Matching functionality can also be used as an evaluation and quality assurance tool to test match groups and identified relationships, determine whether data is duplicated, look for inappropriately linked records, and find unexpected data correlations. For instance, you can set up a match on a data element such as a national identifier or social security number, then test for and match on a negative condition (such as names that are different). Once when I worked with a large financial institution, we found over 200,000 records with the same social security number but distinct names through this approach. It turned out that the organization had used a specific value in the social security number field to identify bankruptcies, but all the individuals included in this group were distinct. A simple upfront business process produced unexpected downstream consequences, and could have tremendous ramifications in predictive analytics, AI, and machine learning.

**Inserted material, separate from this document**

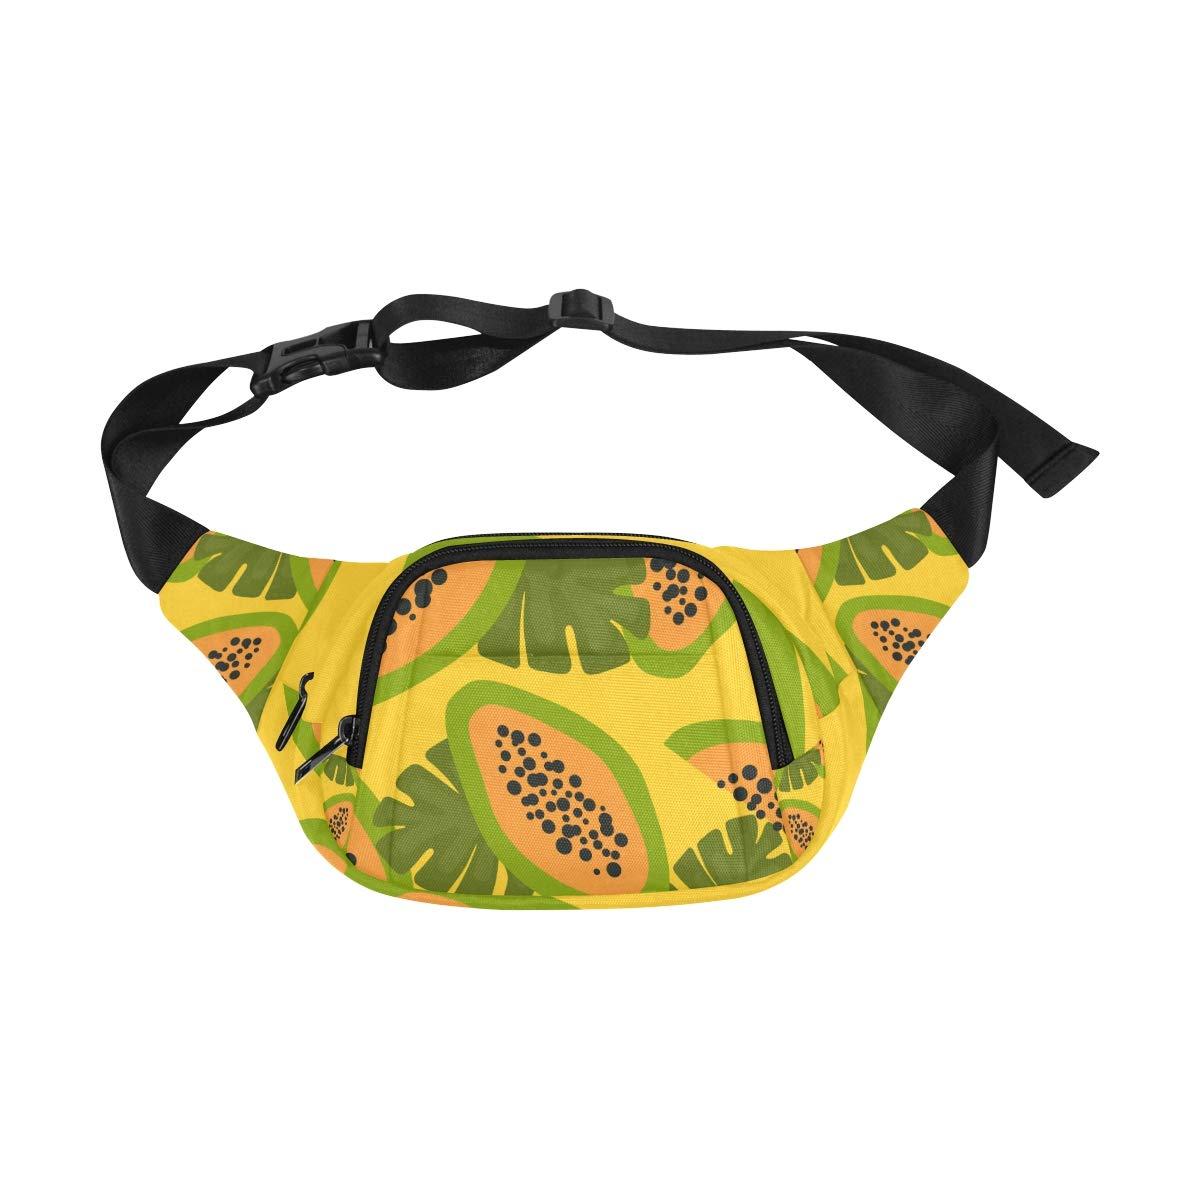 Tropical Plant Sketch Style Fenny Packs Waist Bags Adjustable Belt Waterproof Nylon Travel Running Sport Vacation Party For Men Women Boys Girls Kids

To connect the dots, or fit the pieces of the puzzle together, we need matching strategies that allow us to maximize the opportunity to put like data together in the same processes in order to get closer to the insights we hope to find. When you look to group data, remember to profile the data elements and understand the frequency distributions and null values not only for the raw data, but also for parsed and standardized forms that may offer better, more effective grouping.